The entire experience was encouraging and energizing and I met a number of people whose work I had read previously, such as D. Grant Campbell. He presented "Global Standards and Social Contracts: The Political Economy of Bibliographic Description" in which he questioned how the discourses surrounding different information communities affect how these communities can and do talk to each other. He referred to Michel Foucault and the concept of discourse formation and related all to collaboration on a whole new level with the advent of RDA.
I also met Olha Buchel, whose work we had used as a learning example in Margaret Kipp's mashups class during my last semester in the MLIS program.
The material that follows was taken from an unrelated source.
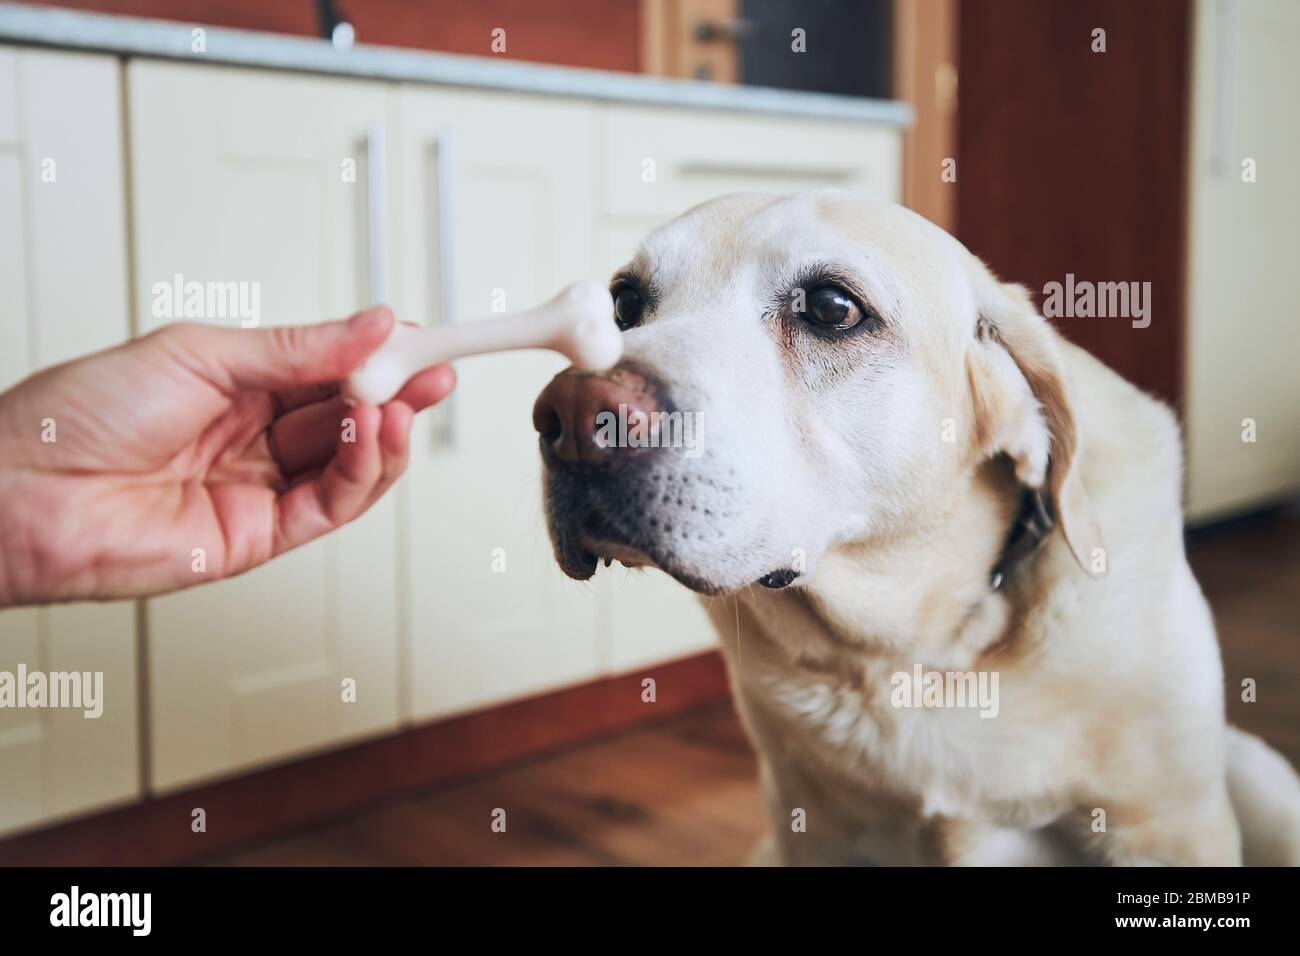 Dog concentrates on the bone. Pet owner feeding his labrador retriever in home kitchen. Stock Photo

I was able to discuss her recently defended dissertation that involved georeferencing, something I am increasingly interested in as I head further into my own IO studies.
Angela Pollak's research on experiential information acquisition versus information gained through more traditional or formal education was based on her interviews with Ontario bushmen, or loggers, and she reported on the differences in how they learned what they know in comparison with foresters who work in the same area. She then highlighted some of the ways that experiential knowledge is gained, viewed by outsiders, and sometimes superior to traditional education.
Matthew Woolhouse used data from the Nokia corporation on 1.8 million music downloads from 13 countries to illuminate some interesting discoveries. The data did not include individuals' names or genders, but did reveal country location, time of day of each download, and into which predetermined broad music genre an item fell. The data reveal that the Finns download nearly twice as much music from Nokia as any other country showing up in the study (the US was not included), downloaders in the UK love hard rock, and Italians tend to download opera. Mr. Woolhouse, to humorous effect, cited psychological research that informs connections between personality traits and a propensity towards certain types of music.
Other presentations looked at information behavior, such as that displayed in the acknowledgement sections of books, or the attributes of "deep" information seekers and how their high needs for cognition affect how they search, what they find and how they utilize their results.
The very last slot of the conference was given to Richard Smiraglia and me for our paper entitled "Cultural Curation as Classification: The Evolution of the Bibliography and Taxonomy for The Encyclopedia of Milwaukee." I am thankful for the opportunity I had to give this presentation to the SOIS IOrg in advance of the conference. The actual presentation went well and was positively received.